Senate Finance Committee to mark up tax extenders legislation
By Derrick Cain
© Copyright Agri-Pulse Communications, Inc.
WASHINGTON, April 2, 2014 - The Senate Finance Committee will mark up legislation Thursday to renew various expired tax provisions, known as “tax extenders,” and to provide assistance for biodiesel, cellulosic biofuel and other renewable fuels.
Chairman Ron Wyden, D-Ore., and ranking member Orrin Hatch, R-Utah, released the Expiring Provisions Improvement Reform and Efficiency Act on Tuesday. A summary of the bill can be viewed here. The package includes provisions that aim to benefit individuals, families, and small businesses, incentivize innovative research and development, and promote alternative and renewable energy initiatives, among other issues.
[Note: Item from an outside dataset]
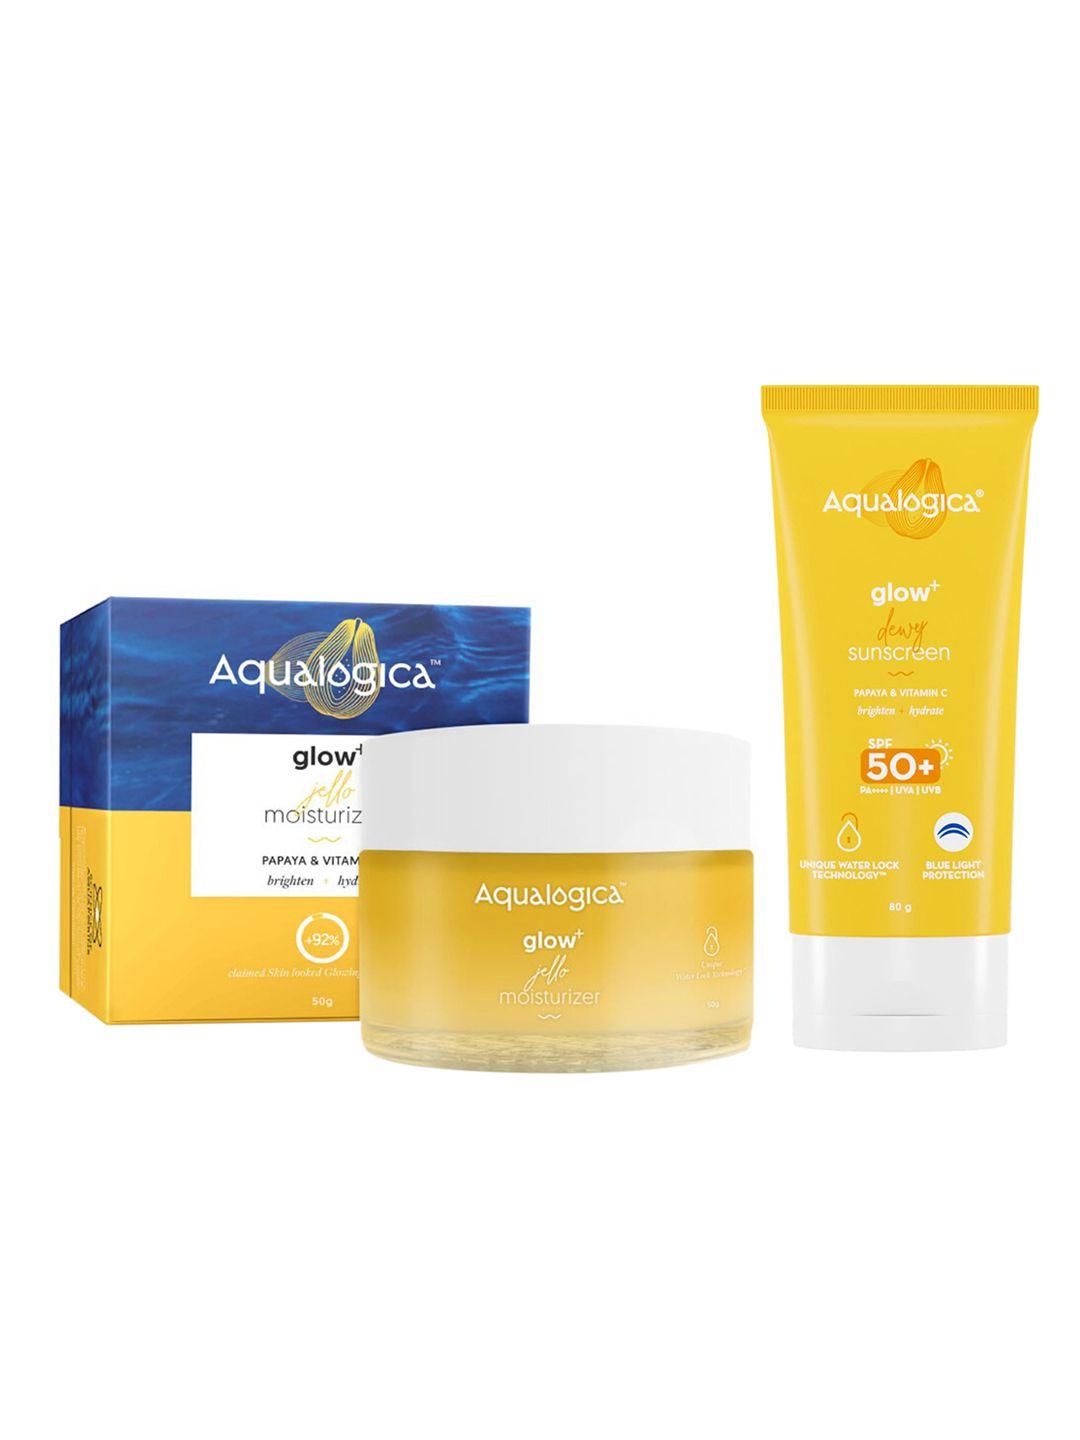 aqualogica summer glow kit - face moisturiser & sunscreen

“For far too long Washington has acted to extend long-standing tax policy, rarely shining a spotlight on the individual provisions or their impact on the families and businesses that benefit from them,” Hatch said. “Such dysfunction must come to an end.”
The legislation includes:
• An extension for two years of the 30 percent investment tax credit for alternative vehicle refueling property, which includes fuel pumps for ethanol, biodiesel, liquefied hydrogen, and compressed or liquefied natural gas. The extension is estimated to cost $8 million over 10 years.
• An extension of a production tax credit for two years for cellulosic biofuel production facilities, allowing claims of a $1.01 per gallon production tax credit. The cost is estimated at $55 million over 10 years.
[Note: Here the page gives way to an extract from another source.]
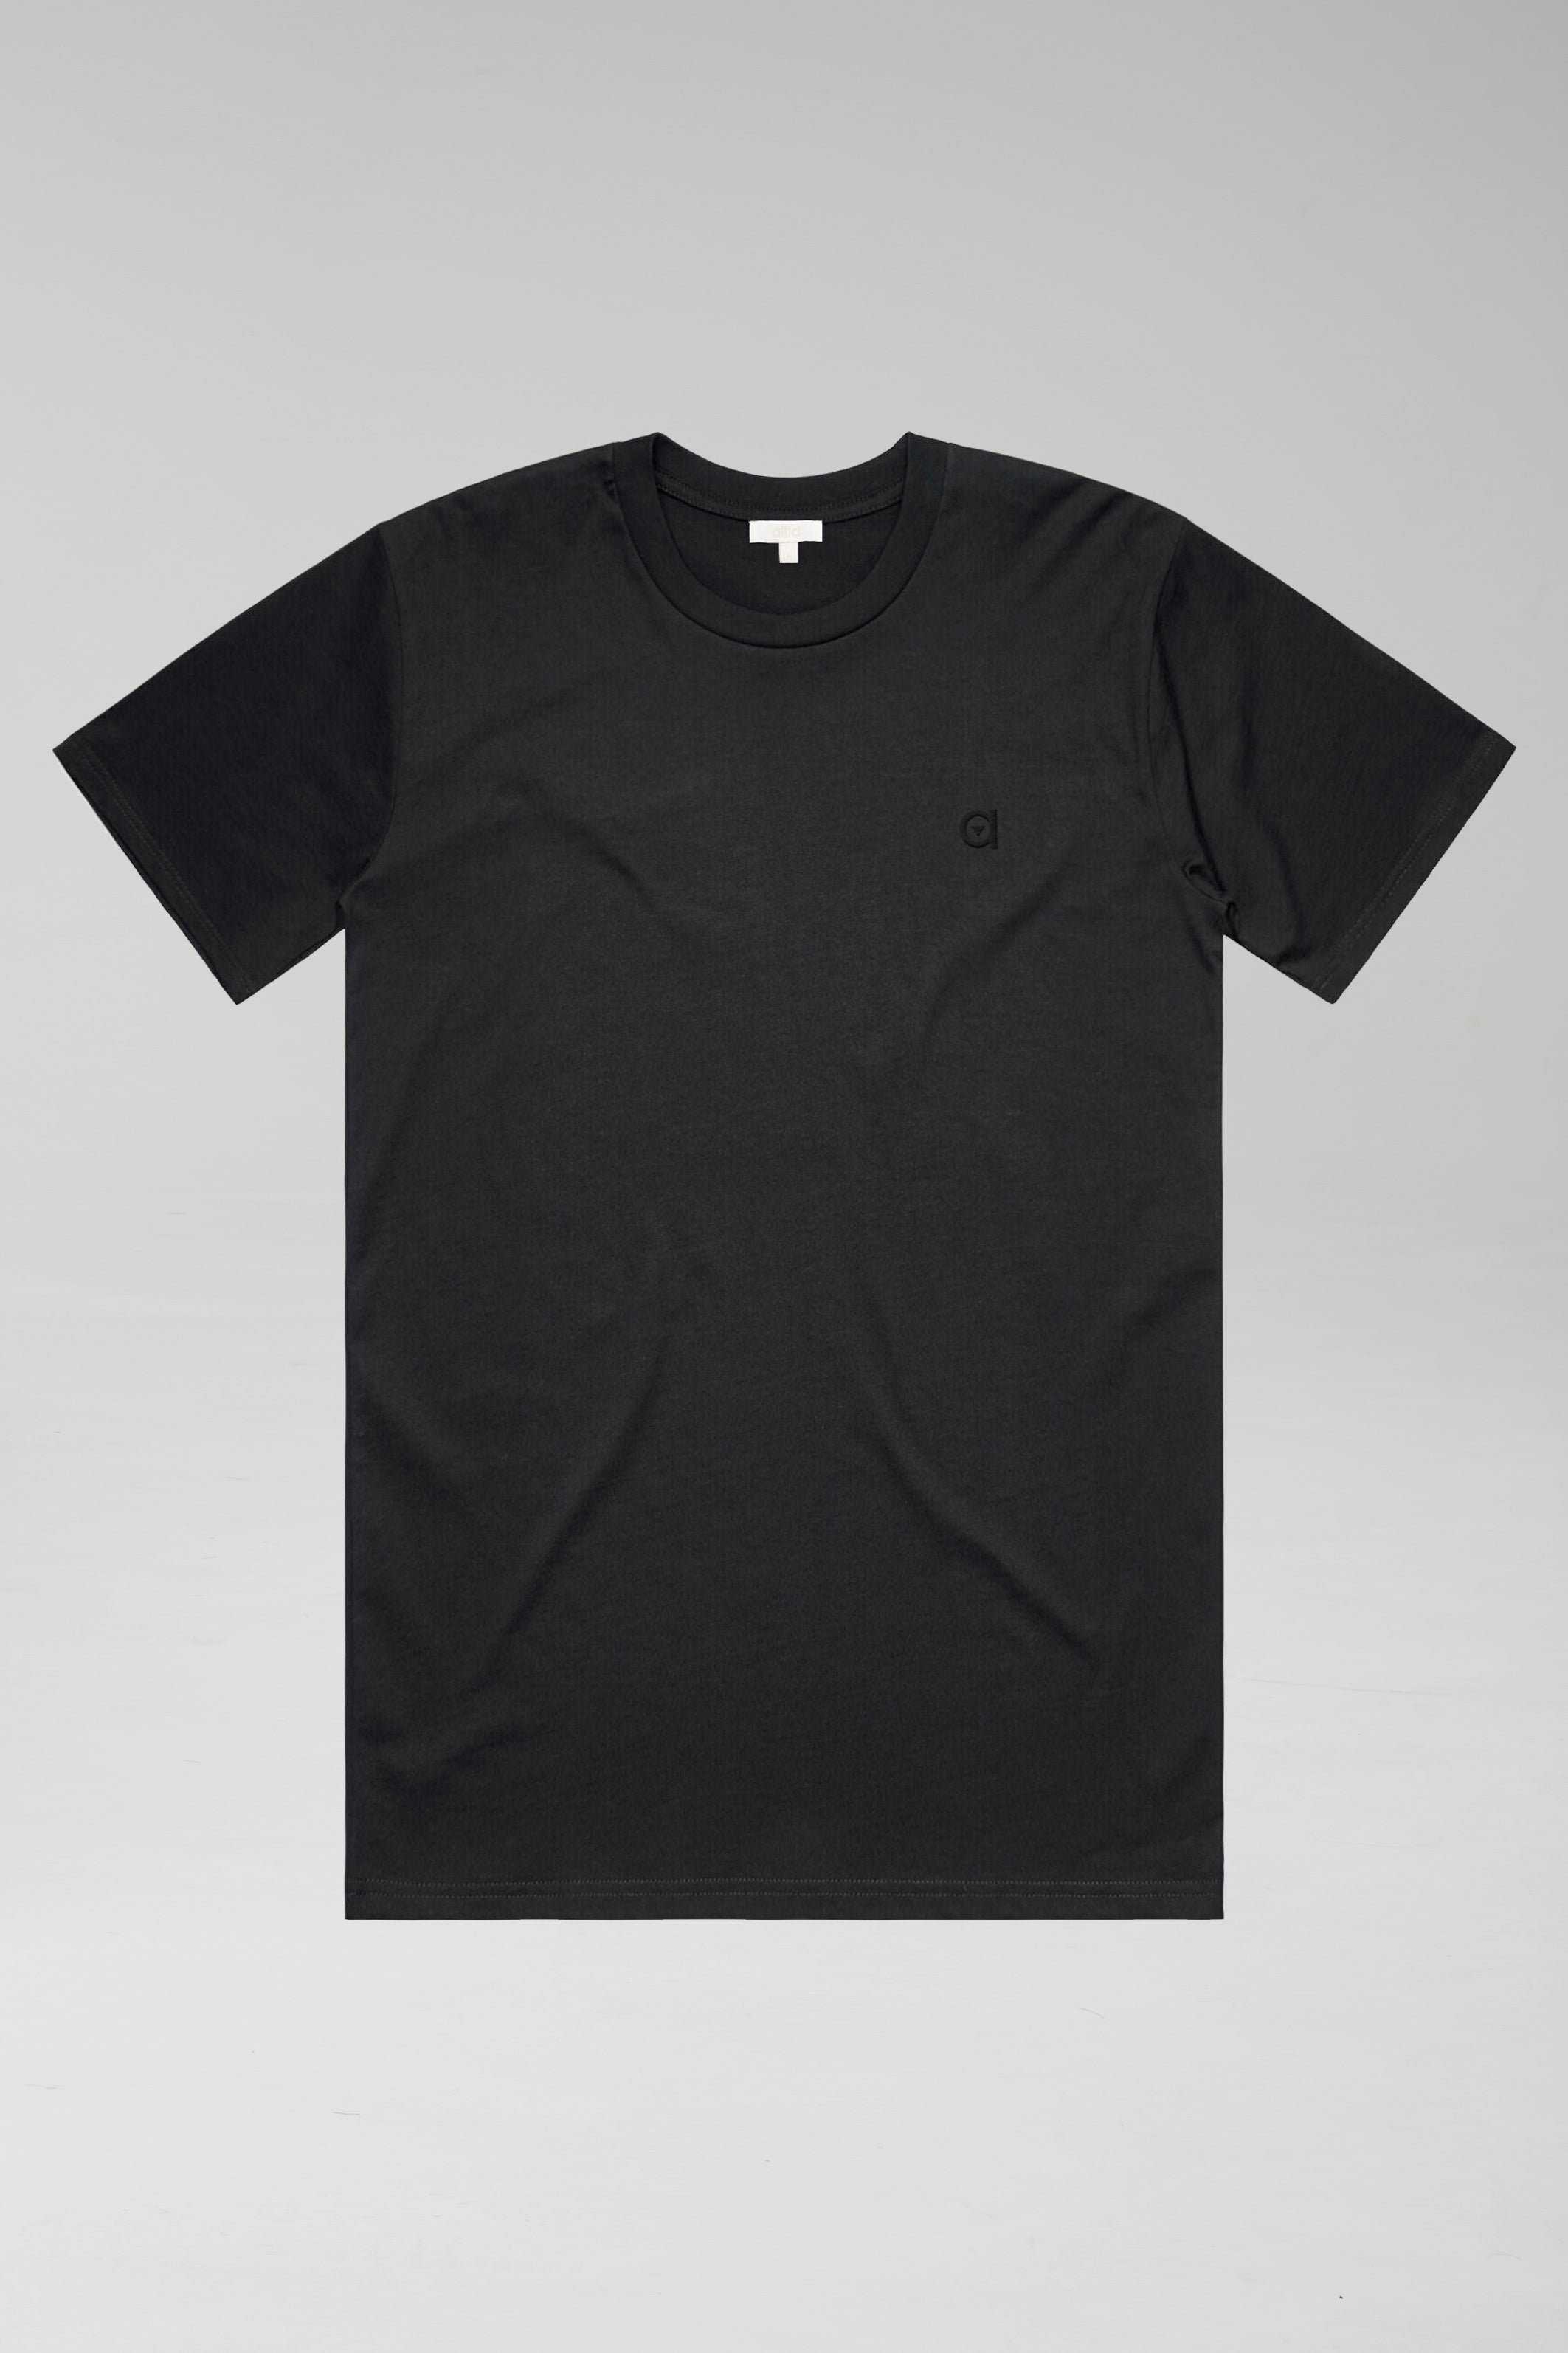 black low carbon t-shirt

• An extension of a $1 per gallon tax credit for biodiesel for two years, as well as the small agro-biodiesel producer credit of 10 cents per gallon. The bill would also extend the $1 per gallon tax credit for diesel fuel created from biomass. The pricetag: $2.6 billion over 10 years.
• An extension of the bonus depreciation for two years for facilities producing cellulosic biofuel to expense 50 percent of their eligible capital costs in the first year for facilities placed in service by the end of 2013. The bill would extend this bonus depreciation for two additional years for facilities placed in service before the end of 2015. The cost is estimated to be $1 million over 10 years.
• An extension, for two years, of the 50 cents per gallon alternative fuel tax credit and alternative fuel mixture tax credit. This extension is estimated to cost $90 million over 10 years.
Sen. Chuck Grassley, R-Iowa, and Sen. Mark Udall, D-Colo., expressed disappointment that wind tax provisions were left out of the proposal.
“There's a significant amount of bipartisan, bicameral support for the wind tax provisions,” Grassley said. “Wind energy supports thousands of jobs and generates billions of dollars in investment across the country using a natural, non-polluting resource.”
Franz Matzner, associate director of government affairs at the Natural Resources Defense Council, described the bill as the “opening shot for Senate consideration of restoring important tax incentives.”
“America doesn't have to settle for dirty air and yesterday's energy,” Matzner said. “It is vital that renewable energy and energy efficiency get the support they need to continue growing our economy and cutting pollution. These tax credits save consumers money, reduce U.S. dependence on dirty fuels, fight climate change and create jobs.”